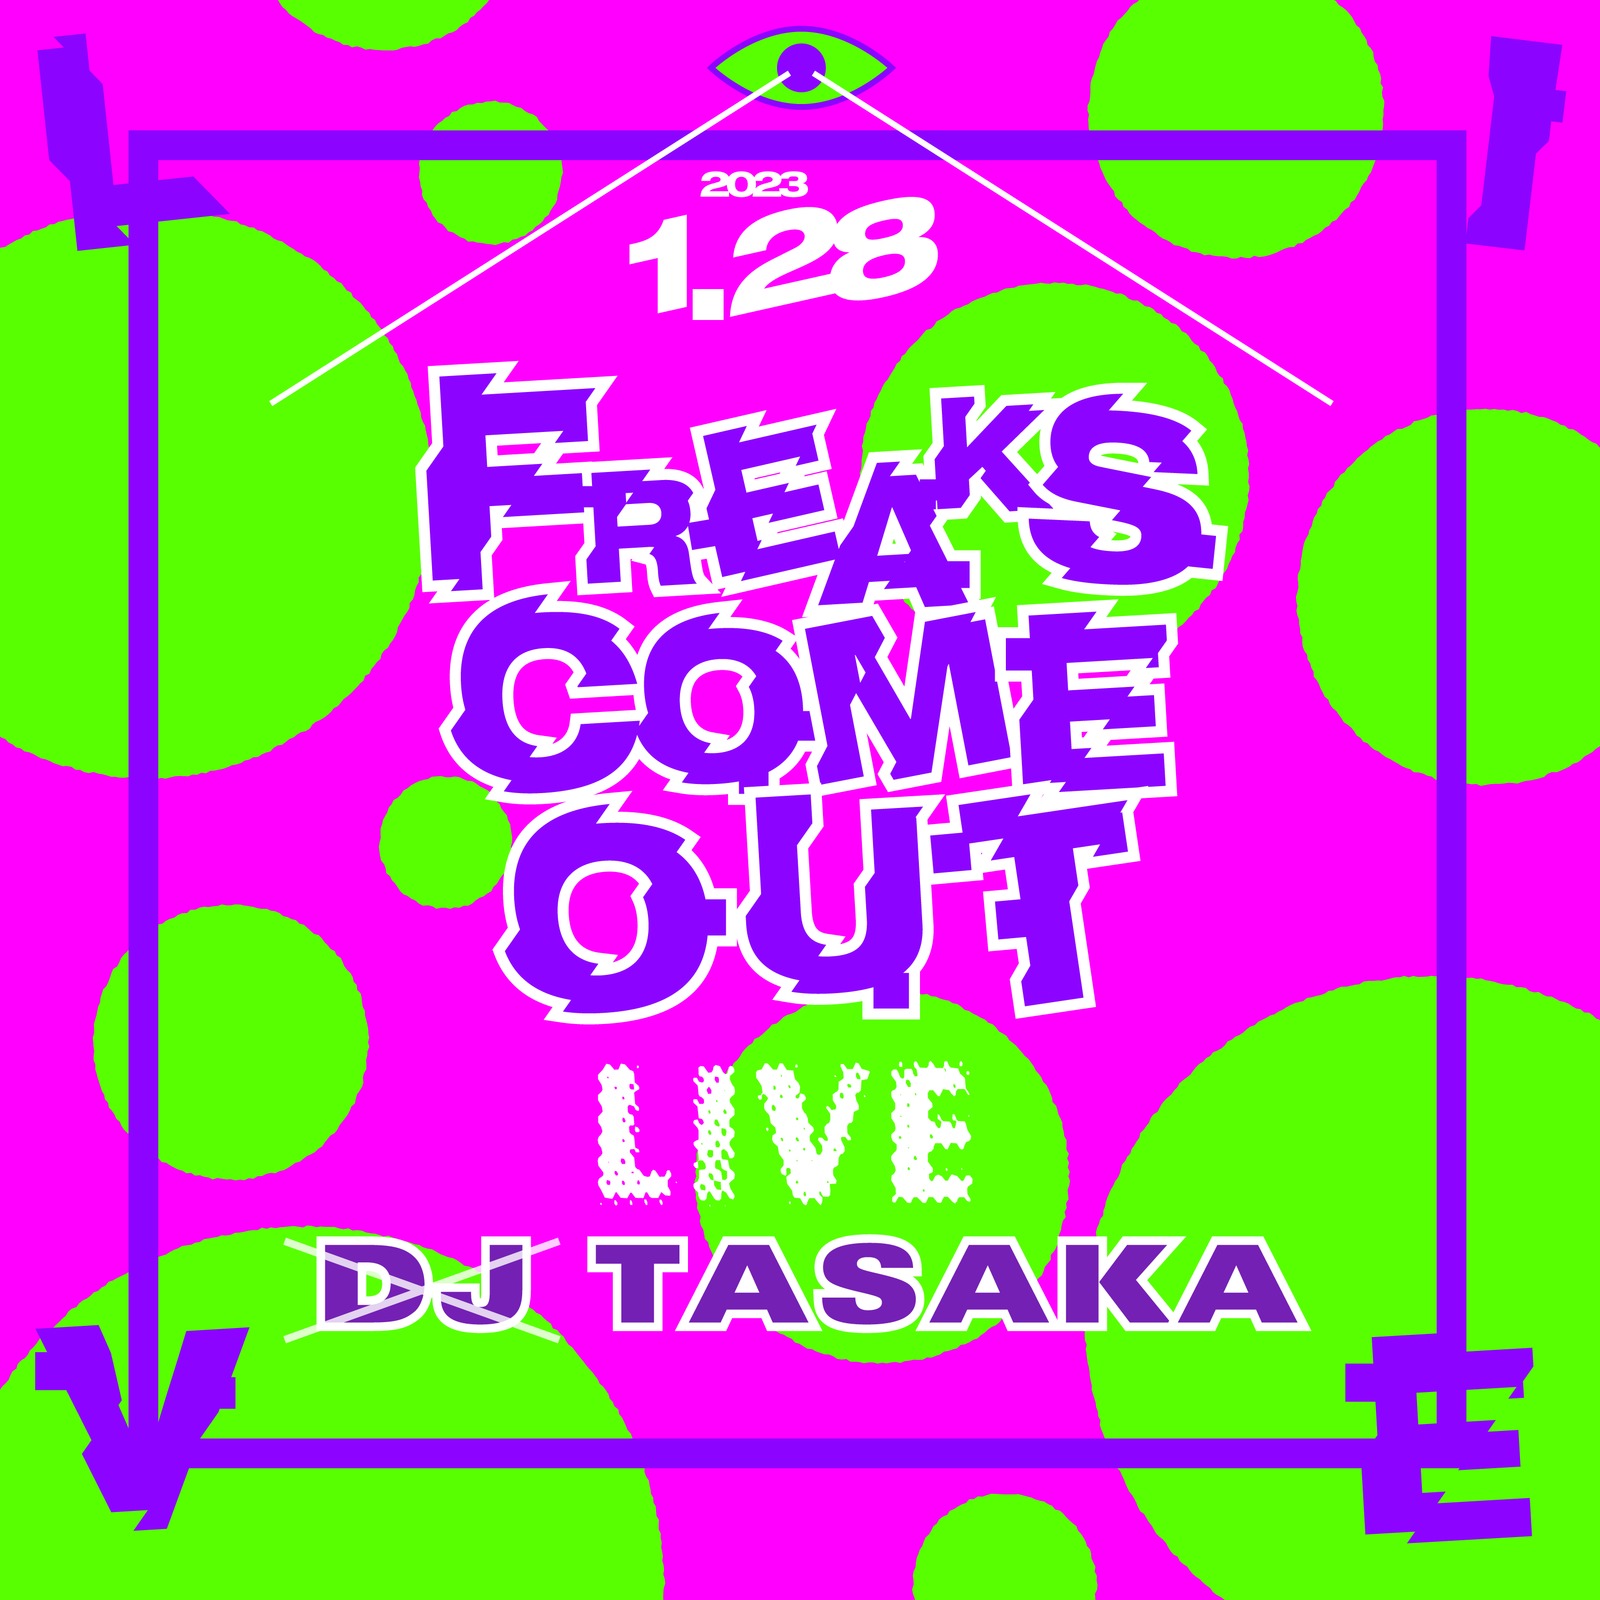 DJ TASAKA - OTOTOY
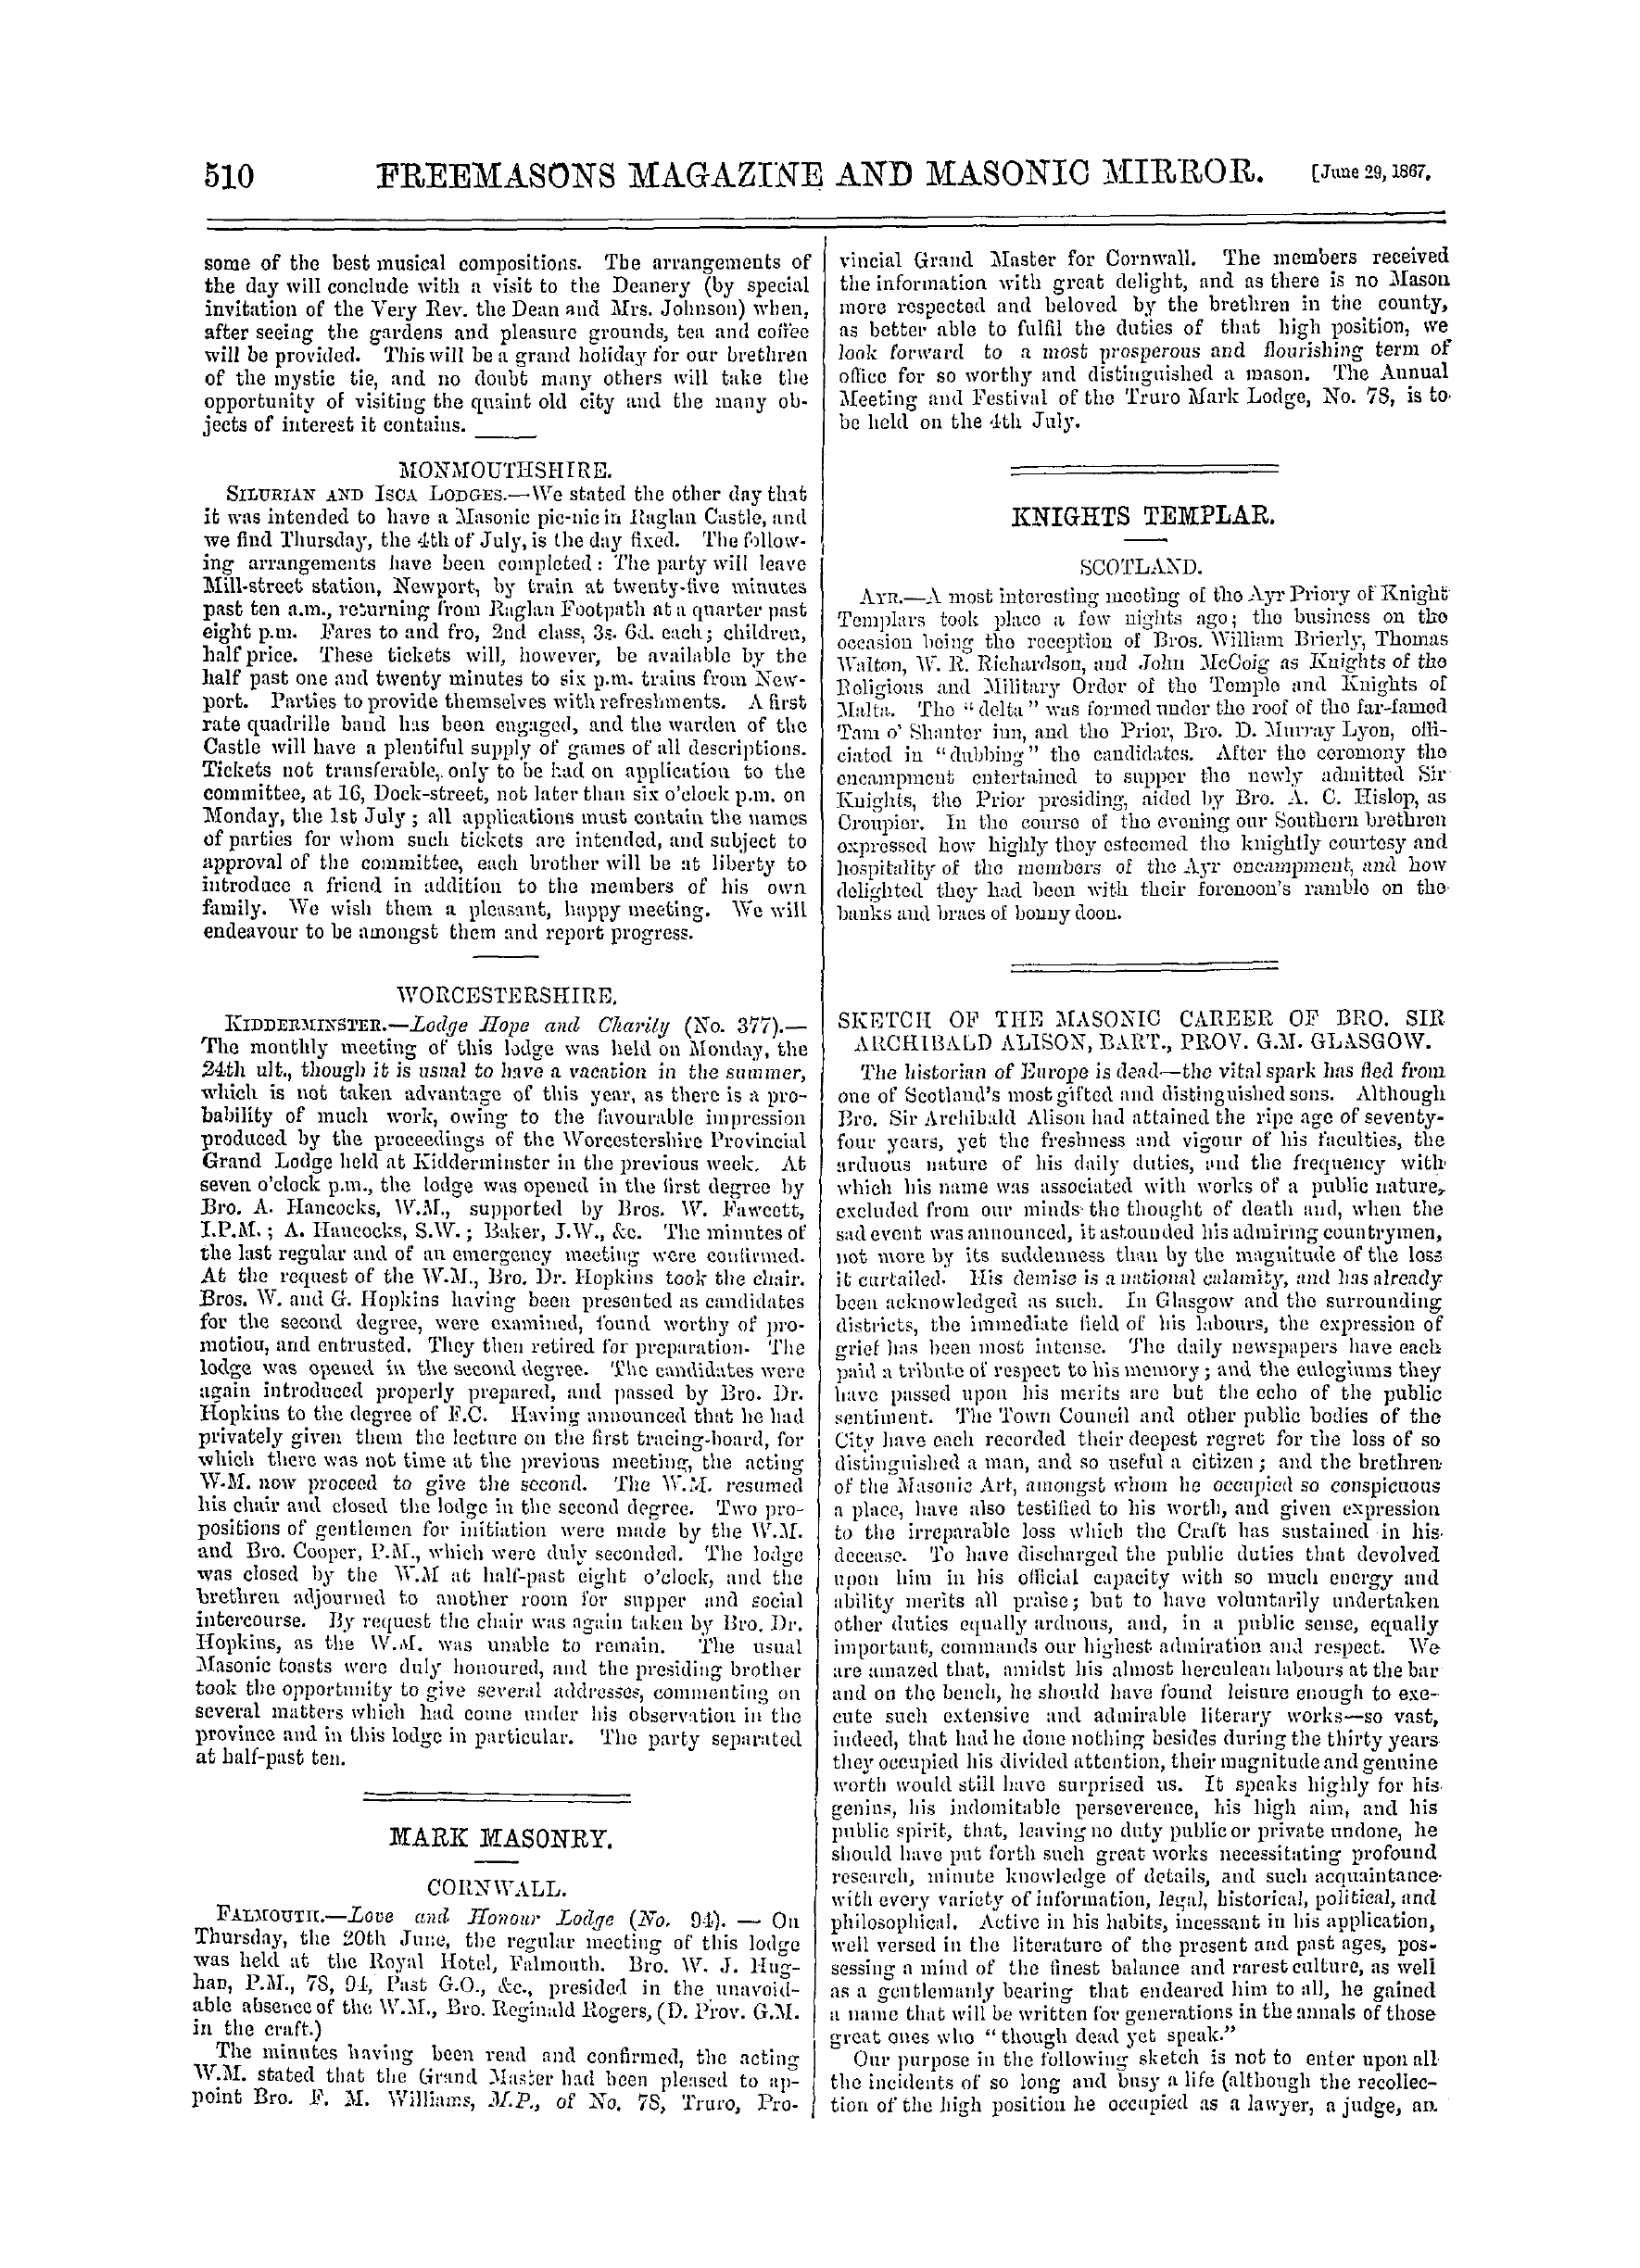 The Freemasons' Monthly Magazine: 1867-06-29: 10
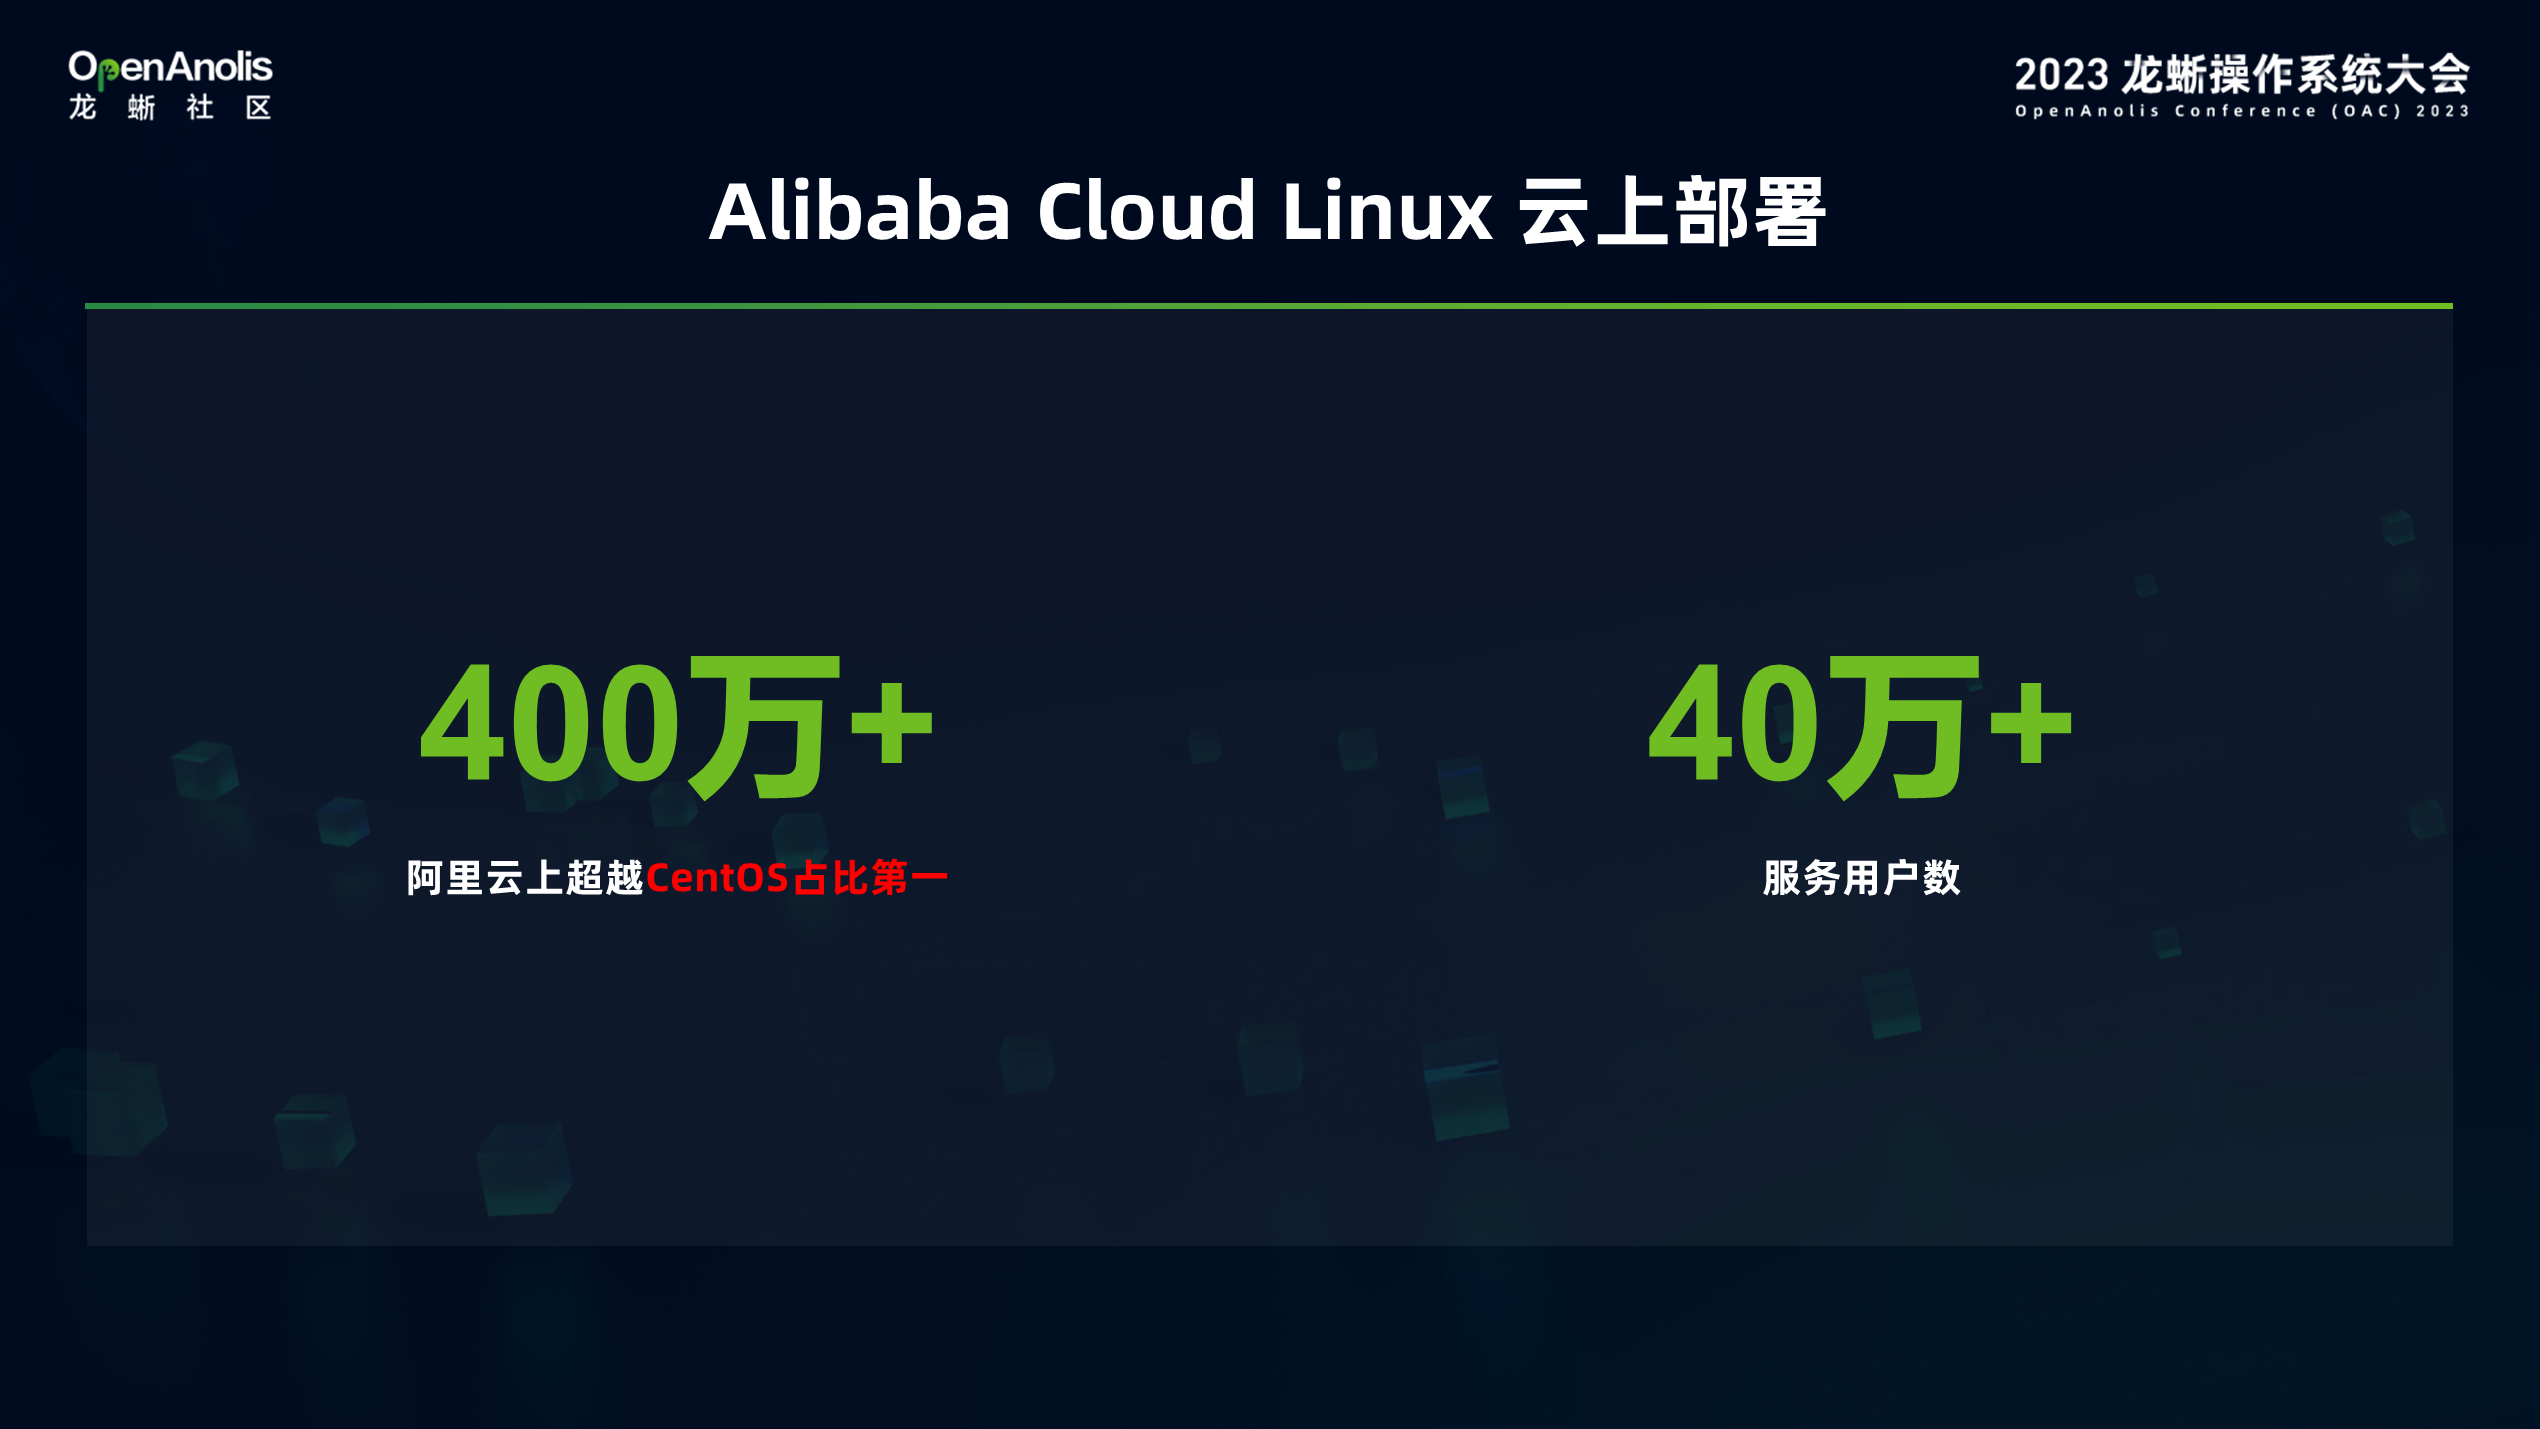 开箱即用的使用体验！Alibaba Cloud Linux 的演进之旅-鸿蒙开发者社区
════
§ **WORK REQUEST**: Working from the material above, transcribe it exactly while omitting pictures.

§ **ANSWER**:
 DJ TASAKA - OTOTOY
 The Freemasons' Monthly Magazine: 1867-06-29: 10
 开箱即用的使用体验！Alibaba Cloud Linux 的演进之旅-鸿蒙开发者社区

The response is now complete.